Comment analyse-t-on l’unicité de l’opération et le besoin global ?
L’unicité se détermine par la décision de mise en œuvre, le périmètre temporel et l’unité économique ou technique. Il faut estimer la valeur totale des travaux ou fournitures relevant d’une même opération et la comparer aux seuils en vigueur (ex. seuils européens définis dans le Code de la Commande Publique). Si le cumul dépasse les seuils, la procédure formalisée s’impose.
Méthode pratique :
- Recenser tous les marchés et bons de commande liés à l’opération.
- Regrouper par unité fonctionnelle ou technique.
- Calculer la valeur estimée du besoin en intégrant options et prolongations prévues. Tableau récapitulatif utile (exemple) : | Critère | Responsabilité | Risque juridique | |—|—:|—| | Définition de l’opération | Maître d’ouvrage | Contestation pour saucissonnage | | Estimation de la valeur | Acheteur | Mise en cause de la procédure | | Justification technique | MOE / bureau d’études | Annulation de marché | Point de vigilance : garder des preuves de la décision et de l’estimation fiable pour tenir un contrôle ou un recours.
De quelle façon distingue-t-on renouvellements successifs et fractionnement prohibé ?
Les renouvellements légitimes répondent à une décision claire de reconduction ou à une nécessité par nature temporaires, tandis que le fractionnement prohibé vise à diviser artificiellement un besoin unique. La distinction repose sur la prévisibilité, la durée et la motivation technique.
Critères pratiques :
- Renouvellement prévu dans le contrat initial ou lié à des durées légitimes.
- Fractionnement si les marchés se succèdent sans justification et avec le même objet. Comparatif synthétique : | Élément | Renouvellement | Fractionnement interdit | |—|—:|—| | Justification | Clause contractuelle | Absence de justification technique | | Périodicité | Prévisible | Programmée pour contourner seuils | | Risque | Faible si transparent | Fort : annulation, mise en cause pénale | Recommandation stratégique : documenter toute reconduction, estimer la valeur globale avant toute segmentation, et consulter le Code de la Commande Publique (articles pertinents sur la computation des seuils) pour valider la procédure.
Comment prévenir le saucissonnage dans la pratique ?

Il faut inventorier les besoins sur la durée, mettre en place des procédures internes claires et former les acheteurs pour éviter de découper artificiellement un marché.

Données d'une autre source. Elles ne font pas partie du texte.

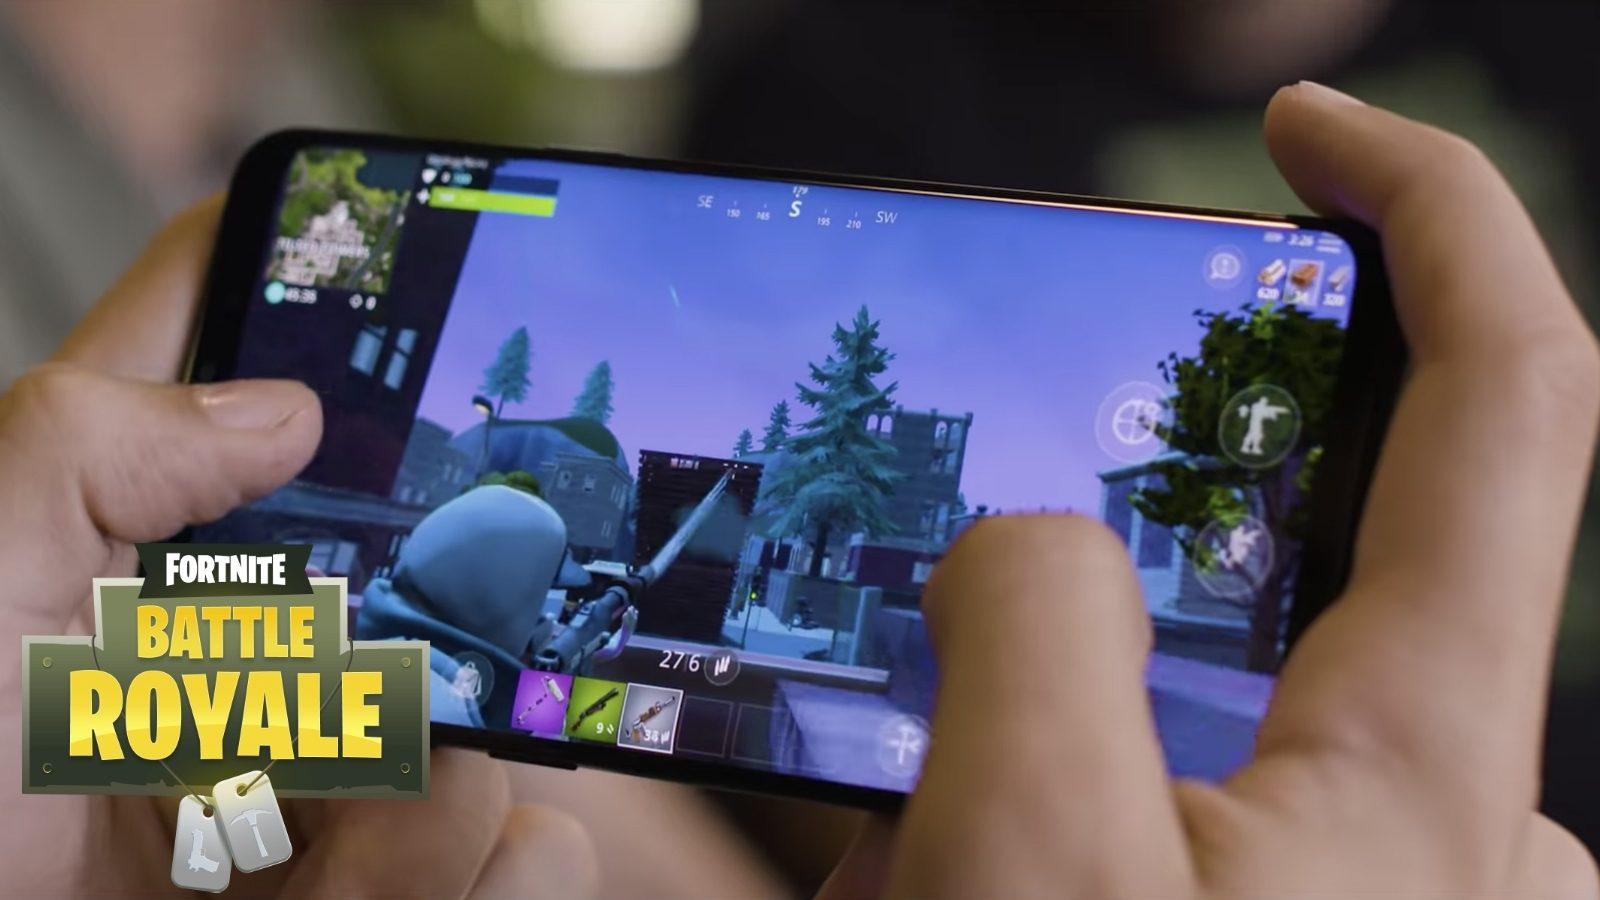 Samsung Fortnite aksesuar seti geliyor! SDN - 2

Ces mesures réduisent le risque juridique, améliorent la traçabilité et garantissent le respect des seuils et des règles du Code de la Commande Publique.
Comment recenser et planifier les besoins sur la durée ?

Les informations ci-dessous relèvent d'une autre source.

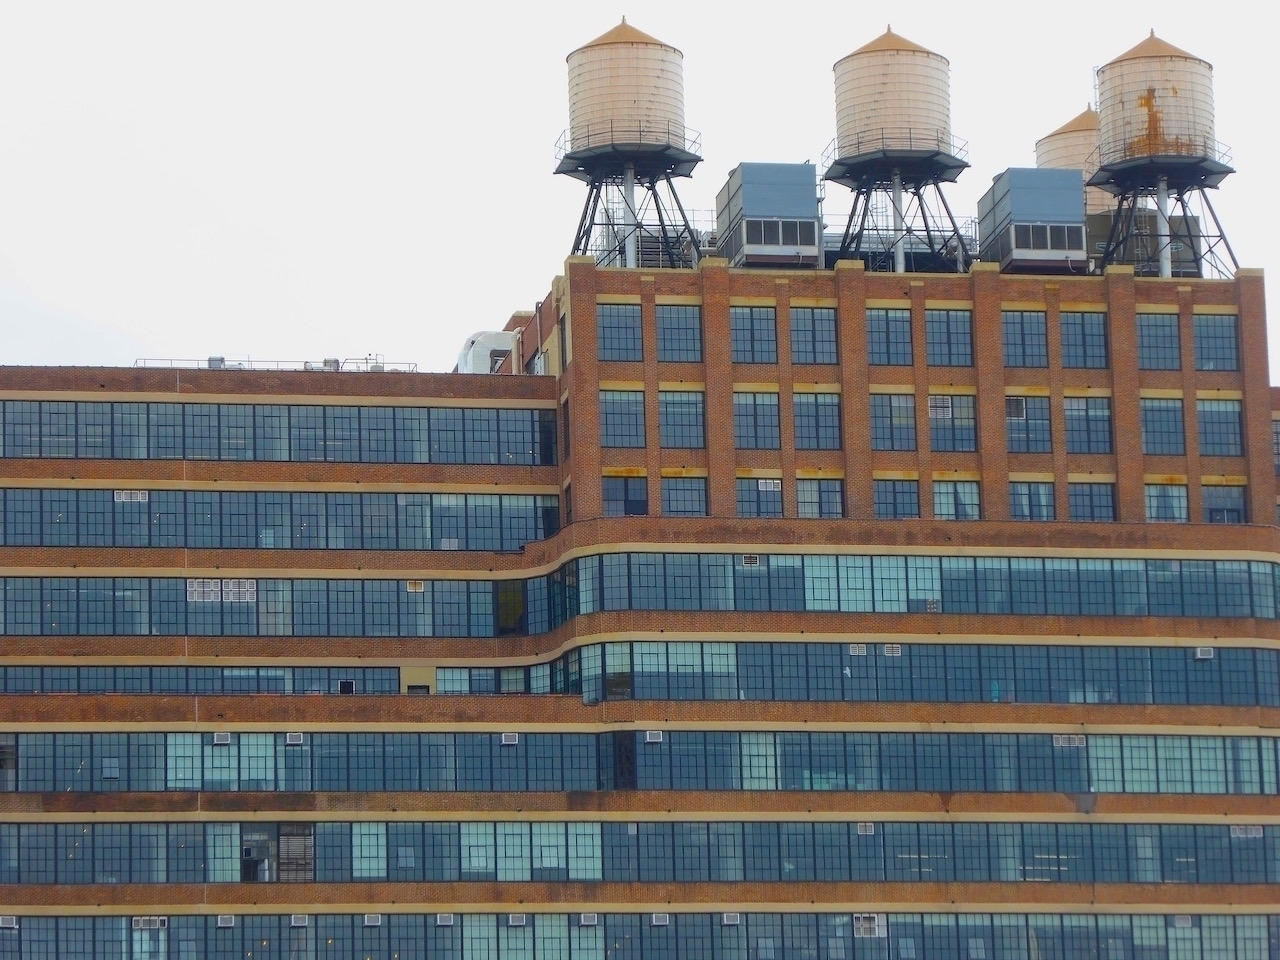 Water Starrett-Lehigh | NYC 201 - thomgollas | ello

Le recensement exige d’évaluer la valeur totale des besoins sur la durée prévue et de regrouper les prestations homogènes afin de respecter les seuils du Code de la Commande Publique. Ce travail doit être documenté avant tout lancement de procédure.
Démarche pratique :
- Réunir les demandes par service et par usage sur 12 mois minimum.
- Calculer la valeur estimée en se référant aux montants 12 mois antérieurs ou à l’estimation sur la durée du marché.
- Identifier les unités fonctionnelles (ex. : fourniture de nettoyage pour plusieurs bâtiments) pour agréger les besoins.
Tableau récapitulatif (exemple indépendant) :
| Élément | Responsabilité | Risque si non fait |
|---|---|---|
| Inventaire annuel | Acheteur public / services | Saucissonnage, contestation |
| Estimation 12 mois | Acheteur public | Sous-estimation des seuils |
| Regroupement par unité fonctionnelle | Acheteur public | Procédure inadaptée |
Points clés :
- Ne pas diviser un besoin récurrent inférieur à un an pour réduire artificiellement le montant.
- Documenter la définition du besoin et les calculs d’estimation.
- Vérifier les seuils applicables du Code de la Commande Publique avant choix de procédure.
Erreur fréquente : ventiler les achats par service sans vérifier l’unité fonctionnelle, ce qui crée un risque de requalification et de mise en cause.
De quelle façon mettre en place des bonnes pratiques internes : procédures, contrôle et traçabilité ?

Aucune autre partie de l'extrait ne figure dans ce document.